━━ EXERCISE INPUT

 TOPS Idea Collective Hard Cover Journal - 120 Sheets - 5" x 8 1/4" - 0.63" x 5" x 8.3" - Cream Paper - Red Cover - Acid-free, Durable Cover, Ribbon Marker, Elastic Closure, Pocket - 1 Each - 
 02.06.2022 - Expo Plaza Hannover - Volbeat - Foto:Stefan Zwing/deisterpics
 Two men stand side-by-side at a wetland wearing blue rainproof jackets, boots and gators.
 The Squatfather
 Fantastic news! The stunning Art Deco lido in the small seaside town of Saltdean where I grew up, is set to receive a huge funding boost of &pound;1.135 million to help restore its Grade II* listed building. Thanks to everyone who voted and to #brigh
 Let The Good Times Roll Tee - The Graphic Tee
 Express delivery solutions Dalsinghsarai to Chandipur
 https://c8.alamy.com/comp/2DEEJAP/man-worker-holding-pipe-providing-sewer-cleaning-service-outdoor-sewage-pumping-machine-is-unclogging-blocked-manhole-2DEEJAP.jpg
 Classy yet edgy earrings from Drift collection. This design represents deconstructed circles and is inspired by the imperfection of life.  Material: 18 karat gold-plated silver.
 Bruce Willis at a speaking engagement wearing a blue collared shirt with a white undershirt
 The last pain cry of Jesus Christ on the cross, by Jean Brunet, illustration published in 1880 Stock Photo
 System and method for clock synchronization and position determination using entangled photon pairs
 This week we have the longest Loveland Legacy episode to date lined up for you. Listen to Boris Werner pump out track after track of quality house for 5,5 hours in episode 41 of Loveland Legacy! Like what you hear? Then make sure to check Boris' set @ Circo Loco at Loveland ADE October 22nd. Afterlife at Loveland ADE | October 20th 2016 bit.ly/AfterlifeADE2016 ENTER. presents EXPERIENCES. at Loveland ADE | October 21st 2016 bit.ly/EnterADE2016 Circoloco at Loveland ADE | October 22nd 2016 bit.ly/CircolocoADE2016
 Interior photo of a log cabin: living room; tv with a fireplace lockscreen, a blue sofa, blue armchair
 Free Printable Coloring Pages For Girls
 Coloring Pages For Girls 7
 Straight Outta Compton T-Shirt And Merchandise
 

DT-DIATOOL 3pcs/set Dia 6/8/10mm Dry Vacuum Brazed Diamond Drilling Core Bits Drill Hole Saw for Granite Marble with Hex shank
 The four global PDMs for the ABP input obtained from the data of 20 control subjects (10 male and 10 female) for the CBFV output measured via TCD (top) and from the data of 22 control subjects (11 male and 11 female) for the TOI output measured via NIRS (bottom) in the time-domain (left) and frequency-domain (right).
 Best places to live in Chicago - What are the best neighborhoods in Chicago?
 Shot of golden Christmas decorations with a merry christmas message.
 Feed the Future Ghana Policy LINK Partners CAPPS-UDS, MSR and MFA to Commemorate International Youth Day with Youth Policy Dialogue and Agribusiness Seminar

━━━━

EXERCISE AIM:
Could you reproduce the lines above, from the one that holds "Best places to" through the last, exactly as they stand?

REPLY TO THE EXERCISE:
 Best places to live in Chicago - What are the best neighborhoods in Chicago?
 Shot of golden Christmas decorations with a merry christmas message.
 Feed the Future Ghana Policy LINK Partners CAPPS-UDS, MSR and MFA to Commemorate International Youth Day with Youth Policy Dialogue and Agribusiness Seminar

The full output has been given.